What’s striking about the indignation involving Flint — and other cases of environmental racism — is the dearth of recommendations. For if it’s institutions broadly rather than specific people that are racist, then no one can really be held accountable for racist misdeeds. It’s as if for those perturbed by environmental racism, pointing out the existence of the foul phenomenon is an end in itself. Doing so advances an ideological agenda that insists the sins of America are well-nigh intractable. Despite the prevalence of cultural sensitivity training, scholars claim that environmental racism has only gotten worse. Either cultural sensitivity training is ill-equipped to face the hurdles for which it is designed or environmental racism is a defective concept, one that does not accurately reflect American conditions.
“Structural” analyses permit those who wield them to not only selectively exact convictions, but also selectively mete out pardons. Darnell Earley, the emergency manager who oversaw Flint’s switch in water supplies in 2014 (and earned $180,000 a year), was largely spared.
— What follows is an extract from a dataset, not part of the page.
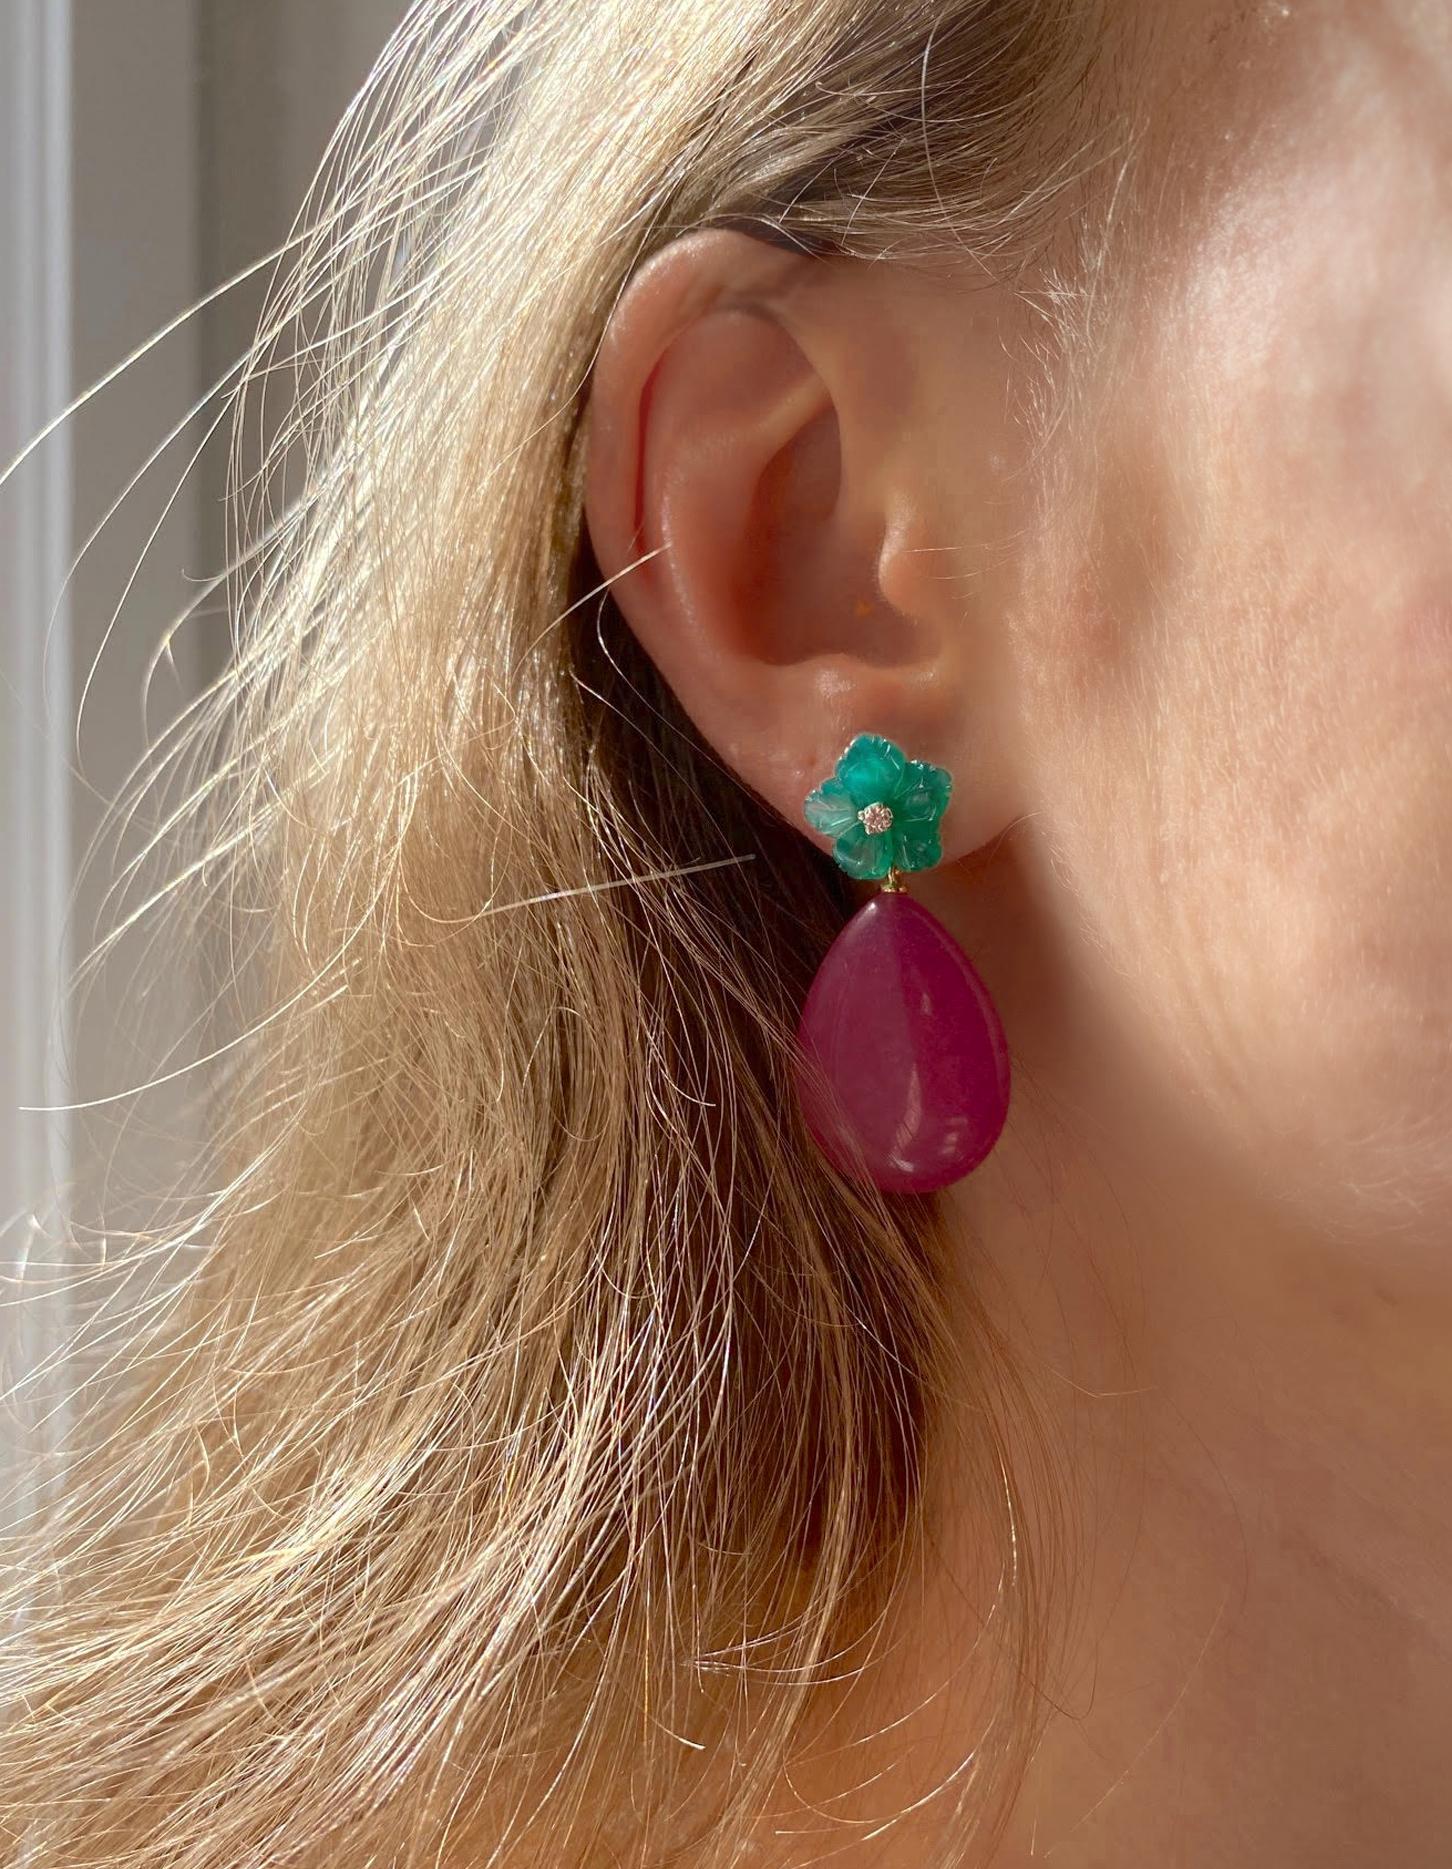 Rossella Ugolini Design Collection, beautiful dangle earrings entirely handcrafted in 18 karats Yellow gold and enriched with Intense deep red Jade drops, green agate flowers and a 0.06 carat white Diamonds.  Joyful colors are perfect to improve

And the EPA, which sat on its hands for months despite the requirements of Section 1414 of the Safe Drinking Water Act, has only recently started taking heat.
Michigan governor Rick Snyder, nevertheless, has encountered salvo after salvo of excoriation. Why? It wasn’t because he’s the state’s executive and, accordingly, the proverbial buck stops with him. Rather, it was because of an action that exacerbated structural racism. By placing Flint into state receivership, he robbed its residents of their dignity, thereby rendering them “voiceless.” “The response was muted,” Virgil Bernero, the mayor of nearby Lansing, told the Huffington Post. “The state response was sluggish and irresponsible. That does have something to do with the people being voiceless.”
Those whose minds have not been blessed with an exclusive liberal arts education will likely arrive at a far less conspiratorial conclusion: It was inattentive bureaucracy, not some pervasive and malignant power, that was to blame for Flint’s water supply. Bad decisions were made not because a gaggle of public employees were subconsciously willing to poison an African-American community but because public employees often have little incentive to sound the alarm and “rock the boat.”
And that’s why the idea of environmental racism is so injurious. It denigrates hardworking civil servants by positing that they are malicious rather than careless or irresponsible. More important, it hurts the disadvantaged because it doesn’t show the way towards any reliable paths for progress. As long as the universalist mantra “all lives matter” is shouted down by certain factions of the left, the issues that brought about Flint’s environmental devastation will likely persist, further damaging the lives of poor blacks as well as poor whites.
In SimCity 2000, the optimal strategy for reviving “Flint” and, therefore, conquering the scenario of the “automotive industrial town” was to dramatically lower commercial taxes, encouraging private enterprise to replace public administration. One can only imagine how dumbfounded players would have been if they had been tasked instead with expunging structural racism.